Day 2 – Saturday, December 29
We are up before the sun and Ali gives us a ride to the post office where we’ll catch the post bus to Gulu. Not for the last time, I marvel at how quickly the equatorial sun rises and how quickly it gets hot. Before we leave we get a nice view from Ali’s place over some of the rolling hills of Kampala to Lake Victoria.
The drive into Kampala is eye-opening and puts in perspective some of the chaos of Mthatha I deal with every day. In between the swerving boda-bodas (motorcycle taxis), minibus taxis, private cars, street vendors, and other actors all creating a chaotic commute, I see newspaper headlines trumpeting Raila Odinga’s apparent victory in the Kenyan presidential elections. Ali spots them too and says, “I really admire Kenya. Soon they will have two ex-presidents living in their country. In Uganda, everything is by the gun.” (Uganda’s president, Yoweri Museveni, seized power by force in 1986 and has been around ever since. His picture is everywhere, not in a Stalin-esque way but in a tasteful, restrained, an-8-by-10-picture-is-on-every-wall sort of way.)
The post bus is a rickety school-bus-like contraption and nothing at all like the coaches I am used to in South Africa. Ali drops us off just a few minutes before it departs and we are lucky to find seats way in the back.

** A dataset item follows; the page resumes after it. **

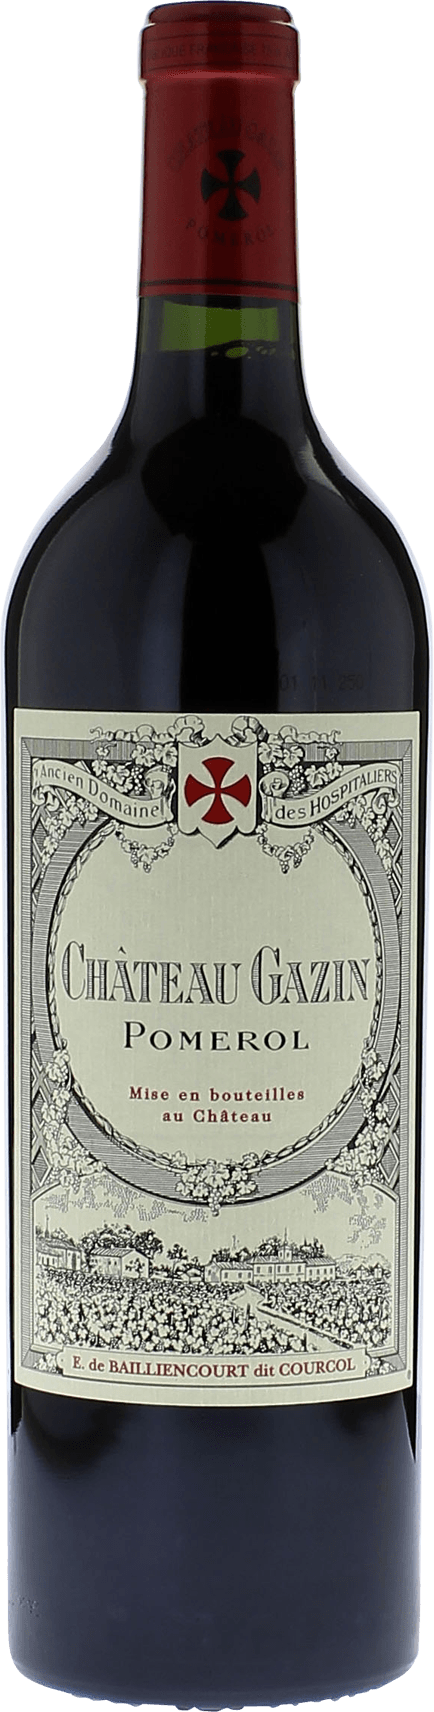 Gazin 1989  Pomerol, Bordeaux rouge

At first, the ride is uneventful through the Kampala traffic but as we leave town the road worsens, our speed increases, and – as every school-bus rider knows – when you sit at the back of the bus the bumps are bumpier and the swerves swervier. That’s fun for a seven-year old on a 15-minute ride home from school but less fun when you have 7 more hours of it to look forward to. Theoretically, Ugandans drive on the left side of the road but we are all over the place looking for the best route among the potholes and assorted other traffic. The shoulders slope substantially, which put the bus at an angle every time we end up on the side of the road. I later learn this drive only used to take 3 hours but a combination of war, neglect, and corruption have destroyed the road.
The bus is crowded and there are some children standing in the aisle next to me. That strikes me as not quite fair so I pick one up and set him on my lap. Later, his sister joins me and for about 250-kilometers we bounce along together, barely hanging on to our seat at times. They love it. So do I. When the bus stops, people try to sell us food and I manage to feed John, the two children, their three other siblings, and myself for less than 3 U.S. dollars. To alleviate the boredom at one point – John and I had been doing a lot of talking – I pull out my Bible and the 9-year old girl on my lap reads me Genesis 1 and the Beatitudes. Nine-year old children I know in South Africa can barely speak English, let alone read it. To date, this is the only Bible-based evangelism I’ve done in Africa.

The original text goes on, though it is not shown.